Our aims here are to:

  • describe the ethnicity information currently available in the IDI
  • discuss some of the challenges in using ethnicity data in the IDI and make some suggestions for improvement.

This post focusses on the context and quality of ethnicity data in the IDI and how it can be used for research. A large body of research has been devoted to understanding the concept of ethnicity how it is related to colonisation, and structural, interpersonal and internalised racism. A conceptual understanding of ethnicity based on the literature is essential for robust study design and interpretation of analytical results for any study that examines ethnic differences within a population. This post does not review this literature, but researchers intending to use ethnicity data are encouraged to read Cormack (2010).

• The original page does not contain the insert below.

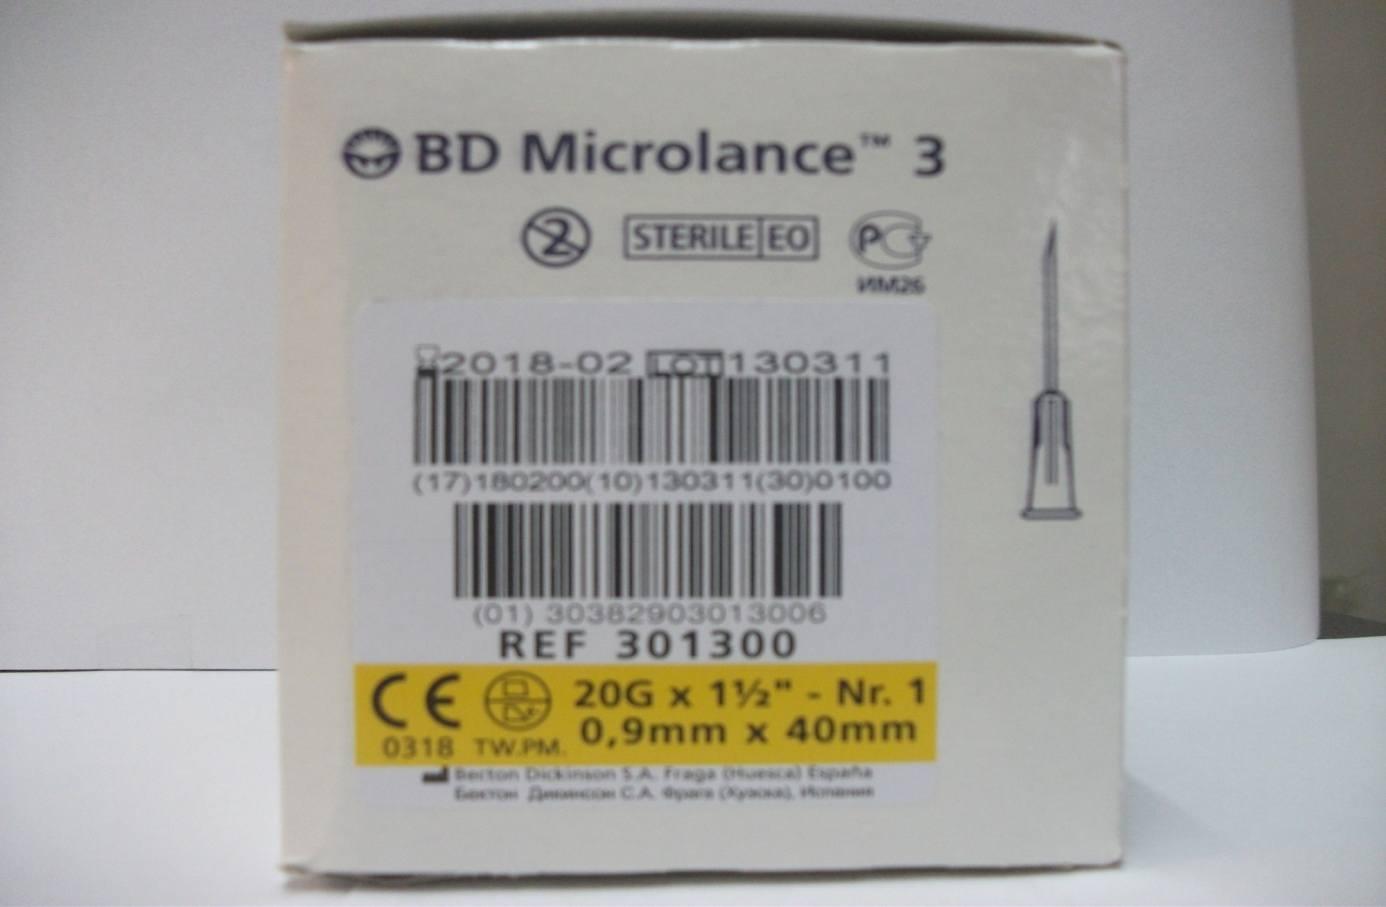 ACE 0,9 mm X 40 mm

How is ethnicity measured in New Zealand?

Statistics NZ have produced a statistical standard for ethnicity that specifies how ethnicity information should be collected and aggregated. It was developed to ensure that ethnicity is collected consistently across all survey and administrative data collections within the official statistical system. The standard specifies a range of guidelines for collecting ethnicity, including:

  • ethnicity should be self-identified
  • individuals should have the opportunity to specify multiple ethnicities (there should be space for at least three, but preferably six)
  • the prioritising of ethnic responses to one per individual should be discontinued

(For the full standard, see Statistical Standard for Ethnicity)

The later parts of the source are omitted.